Body mass index was available for 19 patients with ADPKD and diabetes.
Geometric mean (95% CI).
Age at diagnosis of hypertension was known in 24 patients with ADPKD and diabetes.
Median age at hypertension diagnosis (95% CI).
Patients with ADPKD and diabetes had significantly higher BMI (P = 0.0008) and larger renal volumes than those with ADPKD alone (P = 0.02). There were no statistical differences in the occurrence of hypertension, ESRD or death between patients with ADPKD and diabetes and those with ADPKD alone. However, among those patients with known age at diagnosis of hypertension, those with ADPKD and diabetes had earlier median age (CI) at diagnosis of hypertension, 32.5 years (28–40), compared to those with ADPKD alone, 38 years (35–42), P = 0.04 as depicted in Figure 1. Available data from 24 patients (19 patients with clinical data and 5 patients with limited medical history information) with ADPKD and diabetes was utilized to compute median age at hypertension diagnosis.
Fig. 1.
Time to diagnosis of hypertension. From left of Figure, dashed line represents ADPKD with diabetes and solid line represents ADPKD no diabetes. Open circles represent censored values in Kaplan–Meier analysis. Patients with ADPKD and diabetes had a significantly earlier age at hypertension diagnosis [32.5 (28–40) years] compared to patients with ADPKD alone [38 (35–42) years], P = 0.04.
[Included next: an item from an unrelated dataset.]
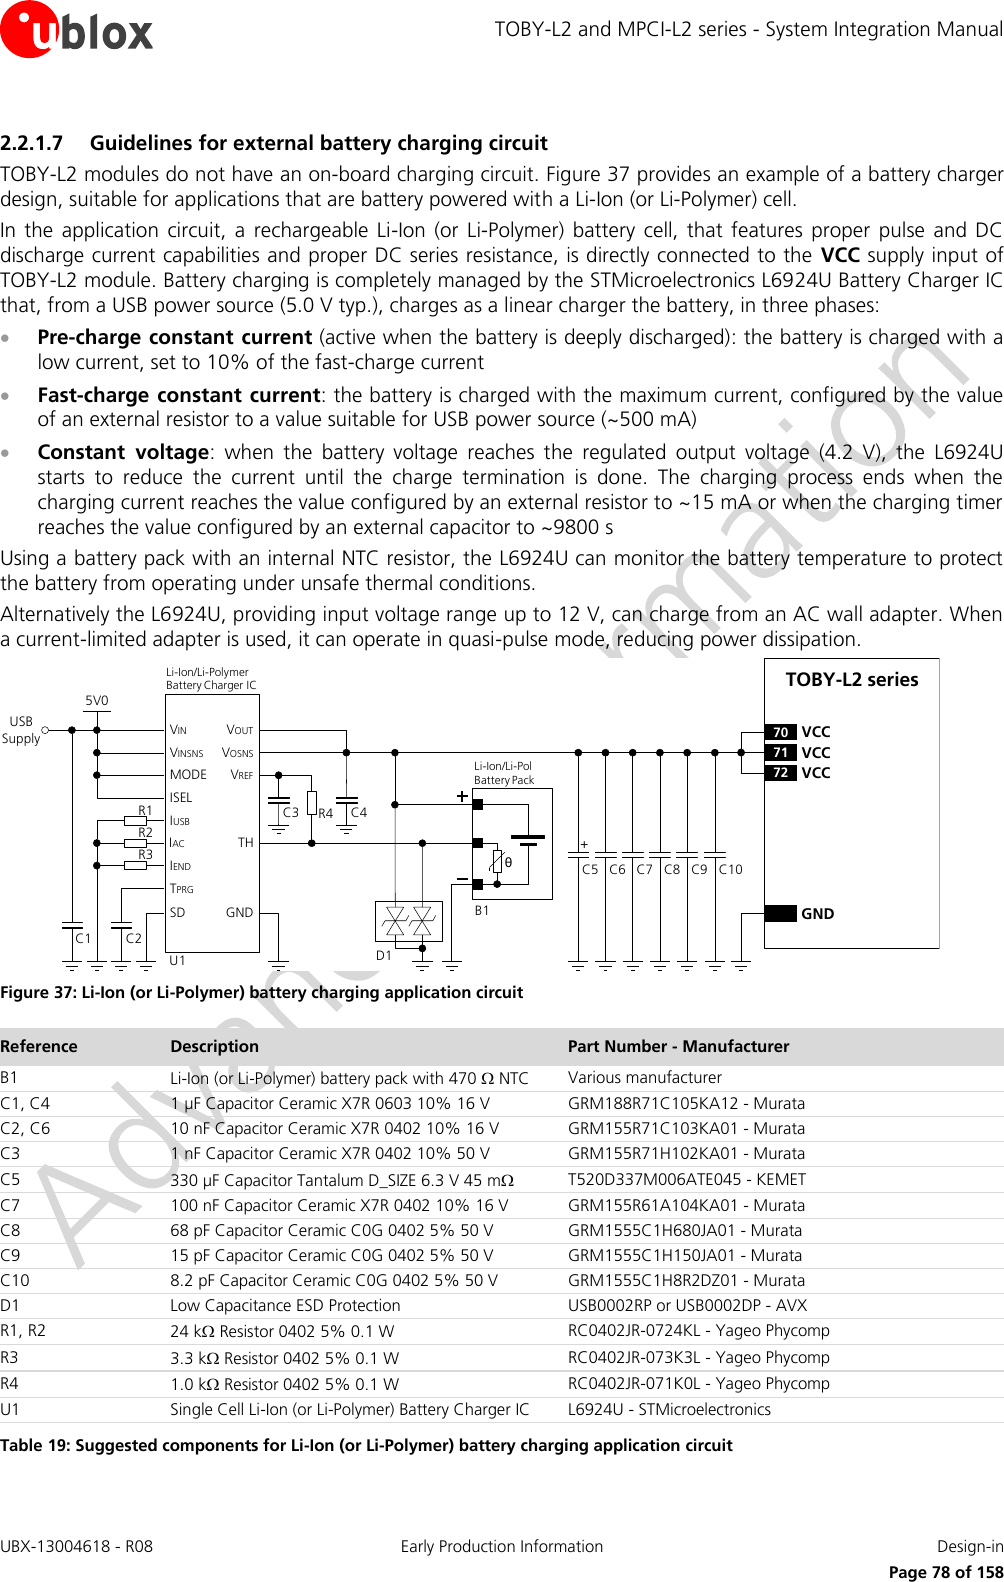 TOBY-L2 and MPCI-L2 series - System Integration Manual UBX-13004618 - R08  Early Production Information  Design-in     Page 78 of 158 2.2.1.7 Guidelines for external battery charging circuit TOBY-L2 modules do not have an on-board charging circuit. Figure 37 provides an example of a battery charger design, suitable for applications that are battery powered with a Li-Ion (or Li-Polymer) cell. In  the  application  circuit,  a  rechargeable  Li-Ion  (or  Li-Polymer)  battery  cell, that  features  proper  pulse  and  DC discharge current capabilities and proper DC series resistance, is directly connected to the  VCC supply input of TOBY-L2 module. Battery charging is completely managed by the STMicroelectronics L6924U Battery Charger IC that, from a USB power source (5.0 V typ.), charges as a linear charger the battery, in three phases:  Pre-charge constant current (active when the battery is deeply discharged): the battery is charged with a low current, set to 10% of the fast-charge current  Fast-charge constant current: the battery is charged with the maximum current, configured by the value of an external resistor to a value suitable for USB power source (~500 mA)  Constant  voltage:  when  the  battery  voltage  reaches  the  regulated  output  voltage  (4.2  V),  the  L6924U starts  to  reduce  the  current  until  the  charge  termination  is  done.  The  charging  process  ends  when  the charging current reaches the value configured by an external resistor to ~15 mA or when the charging timer reaches the value configured by an external capacitor to ~9800 s Using a battery pack with an internal NTC resistor, the L6924U can monitor the battery temperature to protect the battery from operating under unsafe thermal conditions. Alternatively the L6924U, providing input voltage range up to 12 V, can charge from an AC wall adapter. When a current-limited adapter is used, it can operate in quasi-pulse mode, reducing power dissipation. C5 C8C7C6 C9GNDTOBY-L2 series71 VCC72 VCC70 VCC+USB SupplyC3 R4θU1IUSBIACIENDTPRGSDVINVINSNSMODEISELC2C15V0THGNDVOUTVOSNSVREFR1R2R3Li-Ion/Li-Pol Battery PackD1B1C4Li-Ion/Li-Polymer    Battery Charger ICC10 Figure 37: Li-Ion (or Li-Polymer) battery charging application circuit Reference Description Part Number - Manufacturer B1 Li-Ion (or Li-Polymer) battery pack with 470  NTC Various manufacturer C1, C4 1 µF Capacitor Ceramic X7R 0603 10% 16 V GRM188R71C105KA12 - Murata C2, C6 10 nF Capacitor Ceramic X7R 0402 10% 16 V GRM155R71C103KA01 - Murata C3 1 nF Capacitor Ceramic X7R 0402 10% 50 V GRM155R71H102KA01 - Murata C5 330 µF Capacitor Tantalum D_SIZE 6.3 V 45 m T520D337M006ATE045 - KEMET C7 100 nF Capacitor Ceramic X7R 0402 10% 16 V GRM155R61A104KA01 - Murata C8 68 pF Capacitor Ceramic C0G 0402 5% 50 V GRM1555C1H680JA01 - Murata C9 15 pF Capacitor Ceramic C0G 0402 5% 50 V GRM1555C1H150JA01 - Murata C10 8.2 pF Capacitor Ceramic C0G 0402 5% 50 V GRM1555C1H8R2DZ01 - Murata D1 Low Capacitance ESD Protection USB0002RP or USB0002DP - AVX R1, R2 24 k Resistor 0402 5% 0.1 W RC0402JR-0724KL - Yageo Phycomp R3 3.3 k Resistor 0402 5% 0.1 W RC0402JR-073K3L - Yageo Phycomp R4 1.0 k Resistor 0402 5% 0.1 W RC0402JR-071K0L - Yageo Phycomp U1 Single Cell Li-Ion (or Li-Polymer) Battery Charger IC  L6924U - STMicroelectronics Table 19: Suggested components for Li-Ion (or Li-Polymer) battery charging application circuit

Based on inclusion of all 44 patients with ADPKD and diabetes (14 male patients and 30 female patients), median age at onset of ESRD did not differ between patients with ADPKD and diabetes and those with ADPKD alone as shown in Figure 2. There was a trend toward earlier age at death in ADPKD patients with diabetes [65 years (52 to no upper limit)] compared to patients with ADPKD alone [69 years (66–80)] as depicted in Figure 3, although this did not reach significance, P = 0.09.
Fig. 2.
Time to onset of ESRD. From left of figure, dashed line represents ADPKD with diabetes and solid line represents ADPKD no diabetes. Open circles represent censored values in Kaplan–Meier analysis. There was no significant difference in time to onset of ESRD between patients with ADPKD and diabetes [63 (49 to no upper limit) and those with ADPKD alone [65 (61–71) years], P = 0.92.
Fig. 3.
Survival time until death. From left of Figure, dashed line represents ADPKD with diabetes and solid line ADPKD represents no diabetes. Open circles represent censored values in Kaplan–Meier analysis. Patients with ADPKD and diabetes had a trend toward earlier median age at death [65 (52 to no upper limit) years] compared to patients with ADPKD alone [69 (66–80) years], but this difference did not reach significance, P = 0.09.
In order to compare the rate of decline in renal function in patients with ADPKD and diabetes to those with diabetes alone, all patients with at least two measurements of eGFR and serum creatinine were included in the analysis. Thirteen patients with ADPKD and diabetes were included and 71 with ADPKD alone. The mean observation period for patients with diabetes and ADPKD was 9.5 ± 6.9 years and for those with diabetes alone 10.9 ± 6.9 years. There were no significant differences in the slopes for eGFR decline between both groups (P = 0.9). In patients with ADPKD and diabetes, eGFR declined at a rate of −2.89 ± 1.24 mL/min/1.73 m2/year observed compared to −3.10 ± 0.49 mL/min/1.73 m2/year observed in patients with ADPKD. Age at first eGFR measurement was included in the model used for the analysis. In a similar manner, the rate of increase in serum creatinine was compared in both the diabetic and non-diabetic patient groups. Serum creatinine increased at a rate of 0.10 mg/dL/year observed in the ADPKD patients with diabetes compared to 0.20 mg/dL/year observed in the ADPKD patients without diabetes; the slopes were not statistically different, P = 0.36.
Discussion
The epidemic of obesity and metabolic syndrome fostered by modern dietary excess and lack of physical activity are increasing worldwide and as a consequence likewise the incidence of type II diabetes. Data from our own research center indicate a higher body mass index in women with ADPKD in more recent times [2], increasing the risk for type II diabetes in the ADPKD population. Similarly, a recent study in patients with ADPKD reported a 14% incidence of the components of metabolic syndrome in ADPKD comparable to that found in a healthy control population [4], underlining the fact that patients with ADPKD are at risk for type II diabetes. Based on a survey of our ADPKD database, we identified 44/1340 subjects with type II diabetes. This incidence of 3.3% is somewhat lower than the estimated overall US incidence of diabetes, 7.8% [10]. However, as the prevalence of diabetes increases with age, it should be noted that a significant number of subjects in our ADPKD database are children and young adults. An incidence of transplant-unrelated diabetes of ∼2% was previously reported based on a survey of 459 subjects from a Polish ADPKD registry [7].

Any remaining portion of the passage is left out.